===== Given data
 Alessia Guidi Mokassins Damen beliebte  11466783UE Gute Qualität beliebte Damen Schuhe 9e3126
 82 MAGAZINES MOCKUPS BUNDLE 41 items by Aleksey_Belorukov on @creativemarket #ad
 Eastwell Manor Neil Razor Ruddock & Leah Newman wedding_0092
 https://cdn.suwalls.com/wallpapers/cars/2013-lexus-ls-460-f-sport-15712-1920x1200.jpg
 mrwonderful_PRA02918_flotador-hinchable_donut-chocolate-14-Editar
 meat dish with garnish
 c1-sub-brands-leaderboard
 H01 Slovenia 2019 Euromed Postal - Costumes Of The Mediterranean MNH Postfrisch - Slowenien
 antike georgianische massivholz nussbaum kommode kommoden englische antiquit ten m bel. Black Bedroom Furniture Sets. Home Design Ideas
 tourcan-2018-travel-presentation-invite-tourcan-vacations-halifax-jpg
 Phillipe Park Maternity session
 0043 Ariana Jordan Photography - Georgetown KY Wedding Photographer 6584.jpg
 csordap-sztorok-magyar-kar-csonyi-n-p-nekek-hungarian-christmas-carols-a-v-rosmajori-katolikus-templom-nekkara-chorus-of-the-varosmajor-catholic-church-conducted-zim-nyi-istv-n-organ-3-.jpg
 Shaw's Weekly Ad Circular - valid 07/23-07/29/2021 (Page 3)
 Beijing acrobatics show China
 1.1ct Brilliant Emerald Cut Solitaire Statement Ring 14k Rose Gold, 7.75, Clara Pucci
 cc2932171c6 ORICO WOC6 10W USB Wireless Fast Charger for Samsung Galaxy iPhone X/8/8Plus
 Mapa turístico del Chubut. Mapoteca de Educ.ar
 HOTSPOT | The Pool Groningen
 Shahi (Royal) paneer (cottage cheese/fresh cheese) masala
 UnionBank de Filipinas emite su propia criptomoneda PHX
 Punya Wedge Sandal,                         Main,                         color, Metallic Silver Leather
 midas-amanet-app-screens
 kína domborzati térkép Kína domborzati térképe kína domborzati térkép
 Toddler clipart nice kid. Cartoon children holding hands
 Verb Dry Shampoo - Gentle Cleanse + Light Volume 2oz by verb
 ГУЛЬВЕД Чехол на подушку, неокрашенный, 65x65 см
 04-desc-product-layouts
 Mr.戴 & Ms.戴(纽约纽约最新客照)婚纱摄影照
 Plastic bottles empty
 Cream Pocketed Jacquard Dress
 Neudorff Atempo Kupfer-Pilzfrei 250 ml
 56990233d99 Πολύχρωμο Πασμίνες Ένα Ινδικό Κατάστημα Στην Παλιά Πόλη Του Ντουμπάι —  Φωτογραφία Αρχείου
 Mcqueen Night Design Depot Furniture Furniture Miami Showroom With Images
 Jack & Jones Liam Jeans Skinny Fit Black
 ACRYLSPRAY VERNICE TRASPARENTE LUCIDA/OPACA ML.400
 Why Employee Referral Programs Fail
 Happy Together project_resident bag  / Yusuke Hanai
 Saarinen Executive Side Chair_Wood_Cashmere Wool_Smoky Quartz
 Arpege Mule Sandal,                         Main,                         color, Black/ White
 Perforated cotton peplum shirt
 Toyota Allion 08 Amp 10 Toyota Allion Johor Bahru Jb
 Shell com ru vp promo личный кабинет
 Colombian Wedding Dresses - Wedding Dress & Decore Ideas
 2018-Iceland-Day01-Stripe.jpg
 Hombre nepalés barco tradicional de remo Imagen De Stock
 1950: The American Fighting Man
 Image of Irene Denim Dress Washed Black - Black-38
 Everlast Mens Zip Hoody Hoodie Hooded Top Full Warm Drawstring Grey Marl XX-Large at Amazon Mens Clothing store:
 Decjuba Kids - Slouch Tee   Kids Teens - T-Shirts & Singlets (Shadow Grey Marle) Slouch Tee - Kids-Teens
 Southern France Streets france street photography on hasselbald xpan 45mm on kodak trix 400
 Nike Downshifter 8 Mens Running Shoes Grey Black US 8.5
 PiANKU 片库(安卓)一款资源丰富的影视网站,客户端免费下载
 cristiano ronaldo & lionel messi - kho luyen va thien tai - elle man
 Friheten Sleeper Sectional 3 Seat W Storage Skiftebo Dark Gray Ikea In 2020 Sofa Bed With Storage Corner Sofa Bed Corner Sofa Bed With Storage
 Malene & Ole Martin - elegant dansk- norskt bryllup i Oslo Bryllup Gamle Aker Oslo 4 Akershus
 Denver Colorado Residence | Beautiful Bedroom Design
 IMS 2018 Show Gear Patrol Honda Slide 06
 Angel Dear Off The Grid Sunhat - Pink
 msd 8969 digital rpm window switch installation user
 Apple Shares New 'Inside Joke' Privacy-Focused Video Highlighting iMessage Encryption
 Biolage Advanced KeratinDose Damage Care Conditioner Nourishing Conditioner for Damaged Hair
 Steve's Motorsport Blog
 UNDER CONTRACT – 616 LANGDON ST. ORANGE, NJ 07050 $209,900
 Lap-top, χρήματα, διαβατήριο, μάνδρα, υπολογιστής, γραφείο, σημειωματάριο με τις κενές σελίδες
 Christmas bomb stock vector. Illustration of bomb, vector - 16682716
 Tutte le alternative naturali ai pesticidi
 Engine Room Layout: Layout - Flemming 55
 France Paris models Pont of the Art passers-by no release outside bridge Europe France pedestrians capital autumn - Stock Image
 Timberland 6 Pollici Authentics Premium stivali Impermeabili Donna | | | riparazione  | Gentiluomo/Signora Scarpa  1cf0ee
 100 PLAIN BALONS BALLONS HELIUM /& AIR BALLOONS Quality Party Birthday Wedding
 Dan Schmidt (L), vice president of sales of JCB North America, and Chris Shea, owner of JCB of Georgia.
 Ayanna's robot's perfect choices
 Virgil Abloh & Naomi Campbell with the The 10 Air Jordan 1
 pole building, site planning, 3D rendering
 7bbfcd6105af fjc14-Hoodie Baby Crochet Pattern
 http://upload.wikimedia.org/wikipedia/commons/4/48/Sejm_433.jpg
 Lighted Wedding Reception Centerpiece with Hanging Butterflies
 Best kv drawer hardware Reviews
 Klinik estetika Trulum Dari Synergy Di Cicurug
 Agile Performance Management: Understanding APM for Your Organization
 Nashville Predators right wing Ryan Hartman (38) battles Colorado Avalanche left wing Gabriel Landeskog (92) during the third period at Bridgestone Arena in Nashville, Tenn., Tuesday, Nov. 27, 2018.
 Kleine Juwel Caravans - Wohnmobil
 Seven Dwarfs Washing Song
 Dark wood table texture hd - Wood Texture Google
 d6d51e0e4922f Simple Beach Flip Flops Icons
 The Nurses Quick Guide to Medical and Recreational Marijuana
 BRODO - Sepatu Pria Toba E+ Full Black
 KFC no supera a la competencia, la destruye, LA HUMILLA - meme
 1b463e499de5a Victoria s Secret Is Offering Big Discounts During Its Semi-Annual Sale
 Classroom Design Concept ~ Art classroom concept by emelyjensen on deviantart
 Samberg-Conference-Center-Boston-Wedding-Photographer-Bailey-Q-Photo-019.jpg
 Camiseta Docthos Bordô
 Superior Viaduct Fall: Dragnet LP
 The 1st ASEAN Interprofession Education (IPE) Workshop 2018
==========
Task to carry out - Please transcribe exactly the lines above from the line that has "Toddler clipart nice" up to and including the line that has "PiANKU 片库(安卓)一款资源丰富的影视网站,客户端免费下载"; no other line belongs in the answer.

Response to the task -
 Toddler clipart nice kid. Cartoon children holding hands
 Verb Dry Shampoo - Gentle Cleanse + Light Volume 2oz by verb
 ГУЛЬВЕД Чехол на подушку, неокрашенный, 65x65 см
 04-desc-product-layouts
 Mr.戴 & Ms.戴(纽约纽约最新客照)婚纱摄影照
 Plastic bottles empty
 Cream Pocketed Jacquard Dress
 Neudorff Atempo Kupfer-Pilzfrei 250 ml
 56990233d99 Πολύχρωμο Πασμίνες Ένα Ινδικό Κατάστημα Στην Παλιά Πόλη Του Ντουμπάι —  Φωτογραφία Αρχείου
 Mcqueen Night Design Depot Furniture Furniture Miami Showroom With Images
 Jack & Jones Liam Jeans Skinny Fit Black
 ACRYLSPRAY VERNICE TRASPARENTE LUCIDA/OPACA ML.400
 Why Employee Referral Programs Fail
 Happy Together project_resident bag  / Yusuke Hanai
 Saarinen Executive Side Chair_Wood_Cashmere Wool_Smoky Quartz
 Arpege Mule Sandal,                         Main,                         color, Black/ White
 Perforated cotton peplum shirt
 Toyota Allion 08 Amp 10 Toyota Allion Johor Bahru Jb
 Shell com ru vp promo личный кабинет
 Colombian Wedding Dresses - Wedding Dress & Decore Ideas
 2018-Iceland-Day01-Stripe.jpg
 Hombre nepalés barco tradicional de remo Imagen De Stock
 1950: The American Fighting Man
 Image of Irene Denim Dress Washed Black - Black-38
 Everlast Mens Zip Hoody Hoodie Hooded Top Full Warm Drawstring Grey Marl XX-Large at Amazon Mens Clothing store:
 Decjuba Kids - Slouch Tee   Kids Teens - T-Shirts & Singlets (Shadow Grey Marle) Slouch Tee - Kids-Teens
 Southern France Streets france street photography on hasselbald xpan 45mm on kodak trix 400
 Nike Downshifter 8 Mens Running Shoes Grey Black US 8.5
 PiANKU 片库(安卓)一款资源丰富的影视网站,客户端免费下载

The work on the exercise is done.